One disturbing trend involves wealthier neighborhoods paying for private fire protection. That has created a socioeconomic gap between those who can pay to defend against fires and those who can’t, says Pincetl. She studies ways to make cities more sustainable, including a variety of issues related to wildfires, from forest management to the role of electrical utilities.

Pincetl notes that aging electrical infrastructure and its role in sparking wildfires is a legacy of the centralized power plant model. Decentralized forms of energy, such as rooftop solar panels, are needed to prevent both accidental blazes and the mass power outages intended to prevent them. She also advises policymakers to change zoning laws to limit construction in wild — and flammable — areas. Although climate change, drier vegetation and aging electrical infrastructure contribute to the increase in wildfires, the worst contributors by far are people, she says.

“Preventing wildfires at the urban fringe is going to require pretty substantial land use planning changes,” Pincetl says. “We can no longer build in fire-prone areas.

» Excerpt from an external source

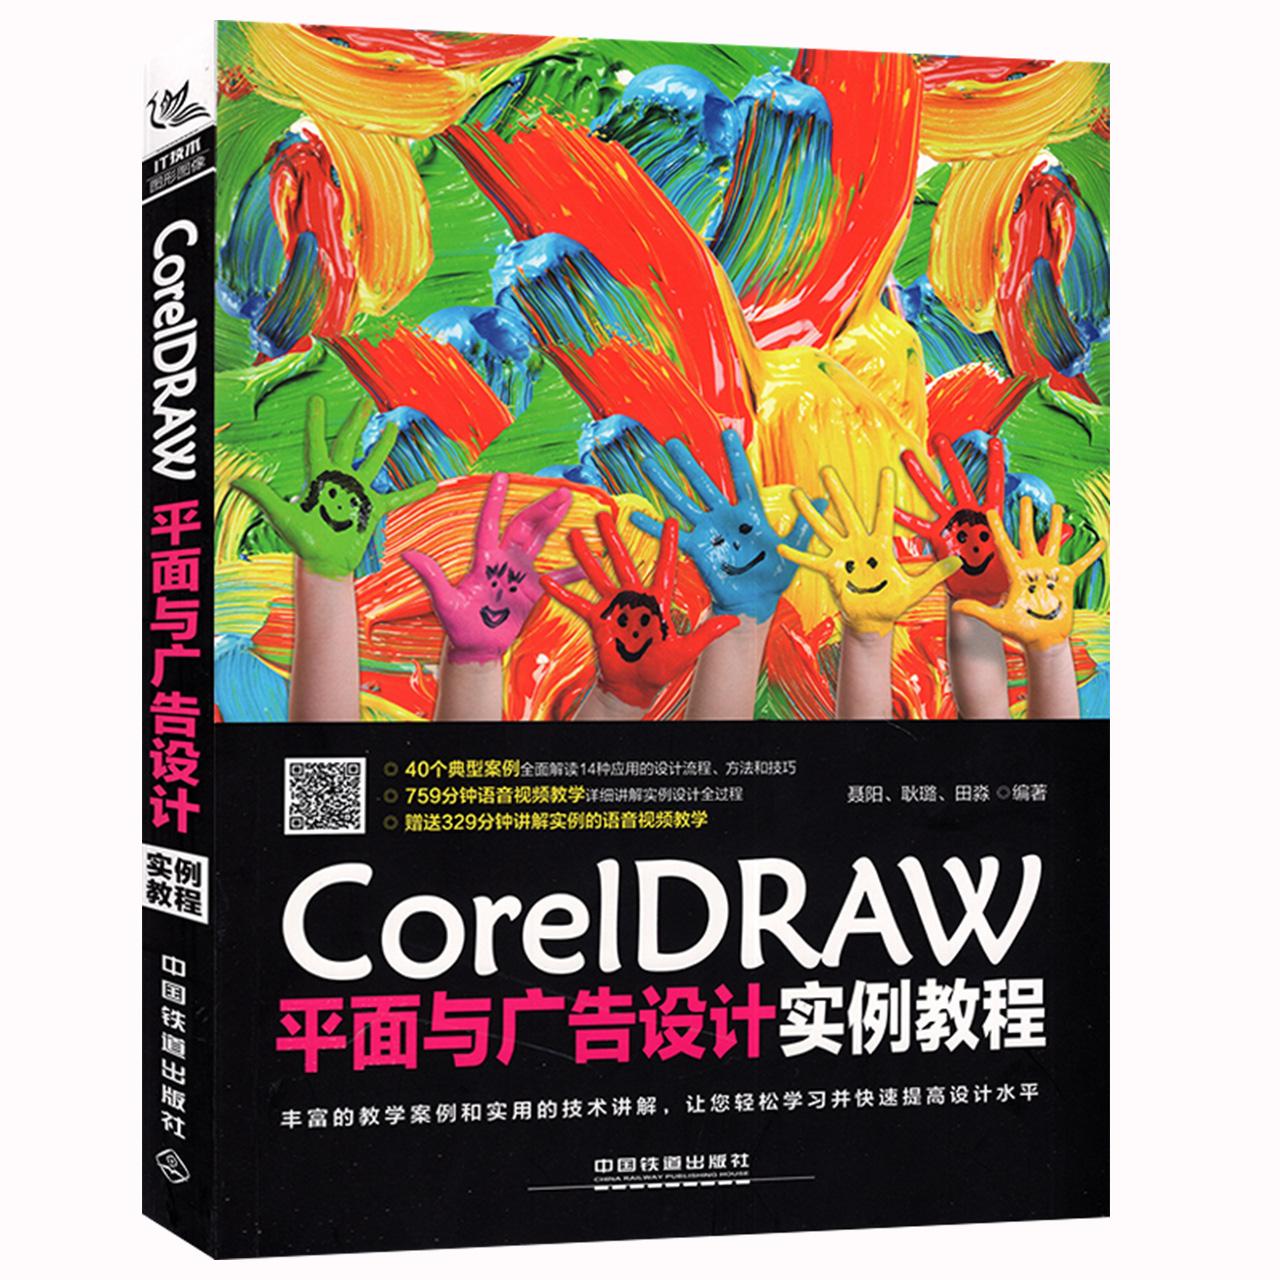 CorelDRAW平面与广告设计实例教程 CDR软件视频教程书籍 CDR平面广告设计应用 花纹海报底片宣传单画册杂志商业插画设计制作素材书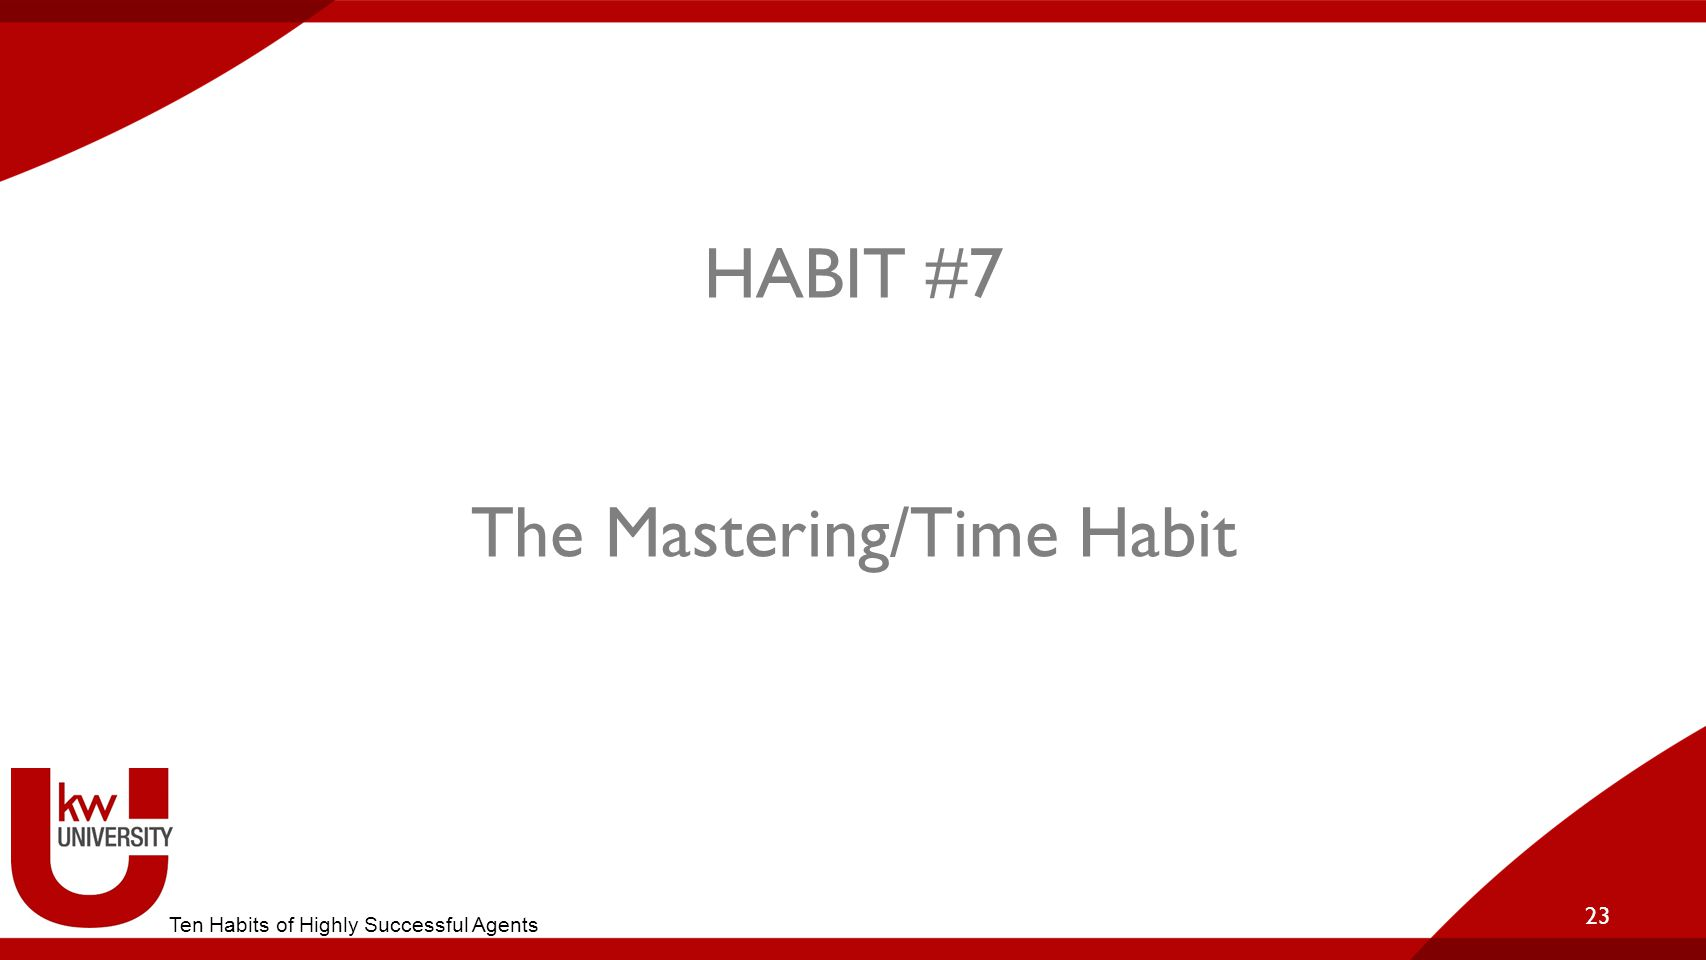 HABIT #7 The Mastering/Time Habit

That’s actually the only way you’re going to prevent igniting wildfires. … The more humans interact with this zone that is flammable and always has been flammable, the higher the chances of igniting a fire.”

The silver lining around the clouds of smoke from this year’s fires may be that people are finally paying attention, Shaffer says.

“It gives me hope that as fires become such a big part of the national conversation, the research has refocused on the reasons for those fires, and climate change is a real driver,” he says. “People are losing that standard Pollyanna view that we’ll learn to live with it, and that’s a positive step.”